Die Lage der Landwirtschaft ist komplex. Die Betriebsleiterinnen und Betriebsleiter müssen mit Kostendruck, Bürokratie, Klimaanpassung, gesellschaftlichen Erwartungen, EU-Vorgaben und Marktzwängen umgehen. Auf diese komplexen Sachverhalte gibt es keine einfachen Antworten, auch wenn Populisten gern so tun, als hätten sie welche.

Das betonte kürzlich auch Sachsen-Anhalts Ministerpräsident Sven Schulze. Er äußerte Zweifel an der agrarpolitischen Kompetenz der AfD. Im dortigen Landtag sei in den vergangenen Jahren kein Vorschlag der AfD dabei gewesen, „der die Betriebe nach vorne gebracht hätte, umsetzbar gewesen wäre oder nicht schon längst von uns angepackt worden wäre, bevor ihn die AfD für sich entdeckt hat“, sagte der CDU-Politiker.

Vergleichbar hatte sich die AfD auch während der Bauernproteste 2024 gezeigt. Sie inszenierte sich als Verteidigerin des Agrar­diesels – obwohl sie sich grundsätzlich gegen Subventionen ausspricht. Das macht sie wohl kaum zu einem verlässlichen politischen Partner, sondern wirkt wie ein Fähnchen im Wind. Daher müssen sich die Landwirtinnen und Landwirte fragen, ob es der AfD wirklich um die Zukunft der Betriebe geht oder vielmehr um sich selbst. Denn überall, wo Empörung möglich ist, ist die AfD nicht weit.

Landwirtschaft – zum Teil gerade die ökologische Wirtschaftsweise – ist eine attraktive Projektionsfläche für rechte Akteure, weil sie für viele Menschen mehr ist als ein Wirtschaftszweig. Sie steht für regionale Verwurzelung, Heimat, Tradition, Familie und Versorgungssicherheit. Genau diese Begriffe lassen sich politisch aufladen. Wer aus Heimat Ausgrenzung macht, aus Tradition Rückwärtsgewandtheit und aus berechtigter Kritik an Bürokratie eine pauschale Ablehnung demokratischer Institutionen, missbraucht allerdings die Landwirtschaft für ein Weltbild, das ihr nicht gerecht wird.

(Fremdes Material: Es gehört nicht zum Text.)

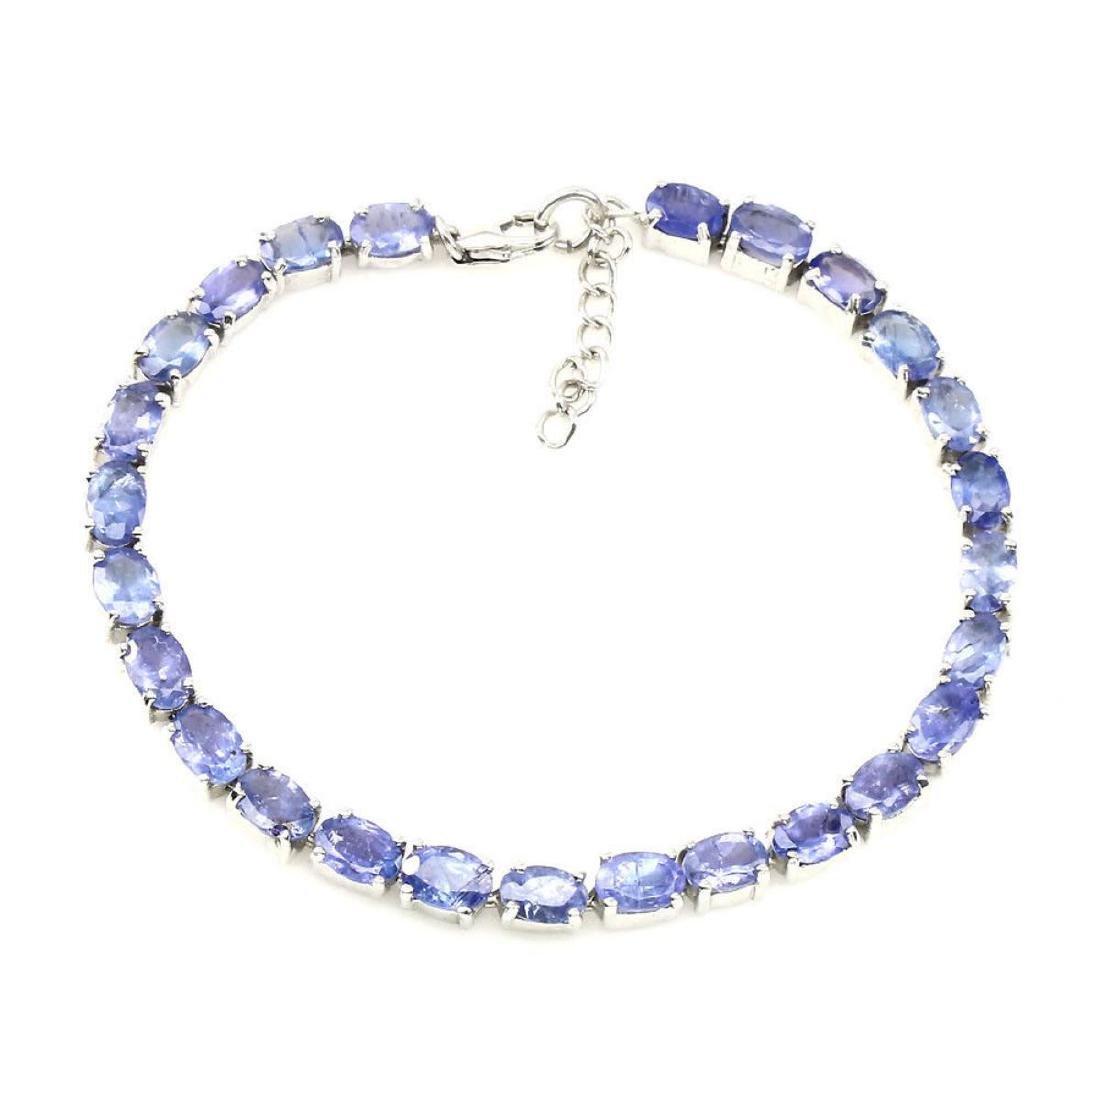 Natural  Blue Violet Tanzanite 55.17 ct  Bracelet - 2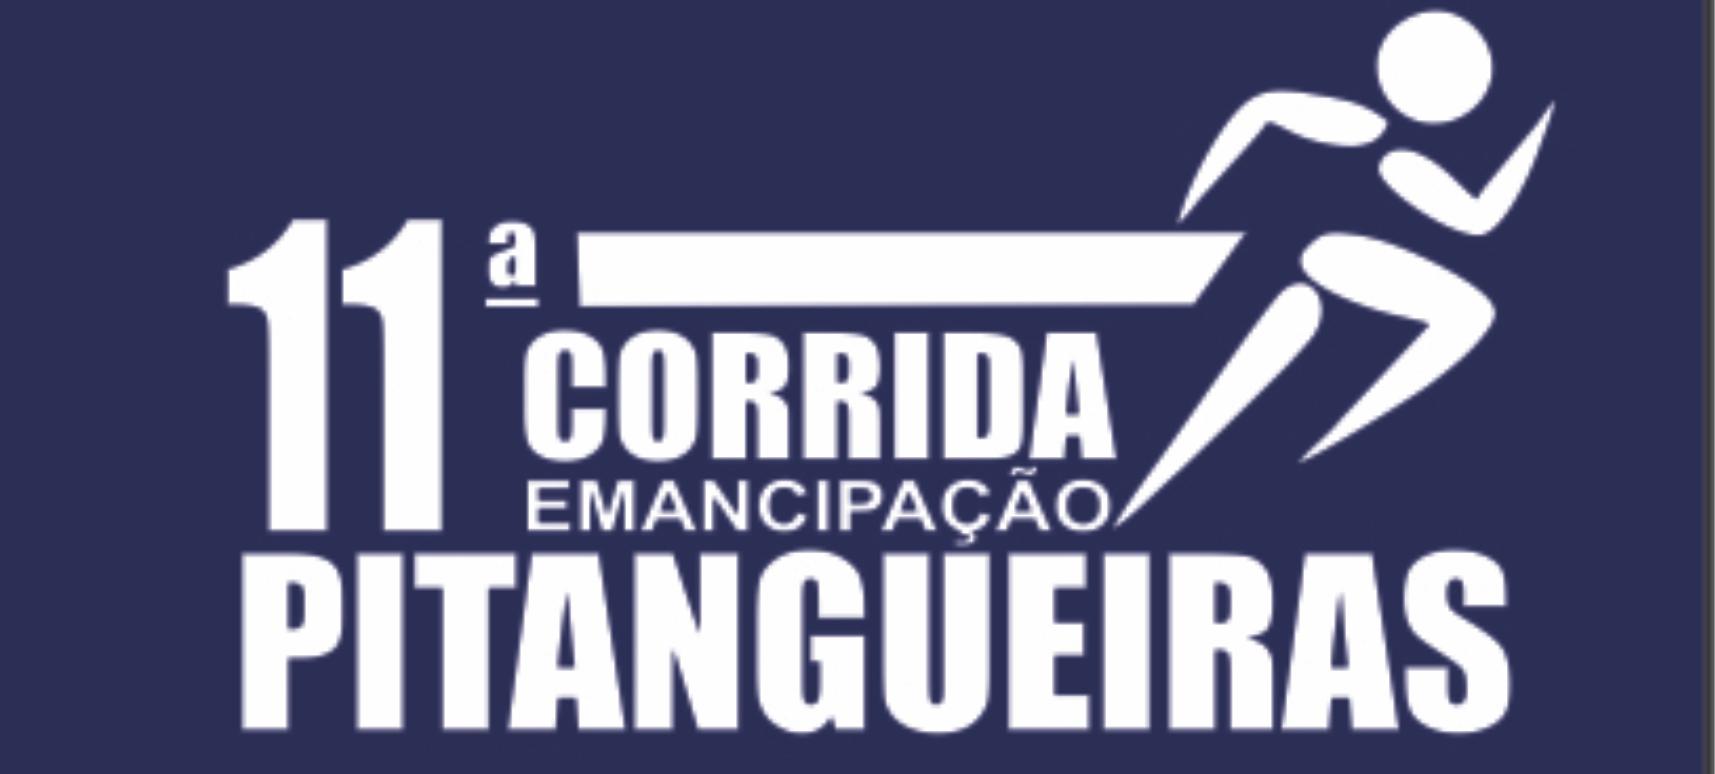 pitangueiras-2019-redes

Während der Bauernproteste 2024 haben sich Landwirtinnen und Landwirte auch deutlich von rechtem Gedankengut abgegrenzt, zum Beispiel mit dem Slogan „Landwirtschaft ist bunt, nicht braun“. Das war mehr als ein Spruch auf einem Schild. Landwirtschaft braucht politische Offenheit: Saisonarbeitskräfte, internationale Märkte, europäische Regeln, Entwicklungen durch Forschung und gesellschaftlicher Austausch gehören untrennbar zum Alltag vieler Höfe. Abschottung und Feindbilder helfen keinem Betrieb weiter. Genau deshalb passt der Satz „Landwirtschaft ist bunt, nicht braun“ so gut zu diesem Berufsstand. Denn Landwirtschaft ist nicht schwarz-weiß. Sie ist vielfältig und stark genug, laut zu sein – ohne sich vereinnahmen zu lassen.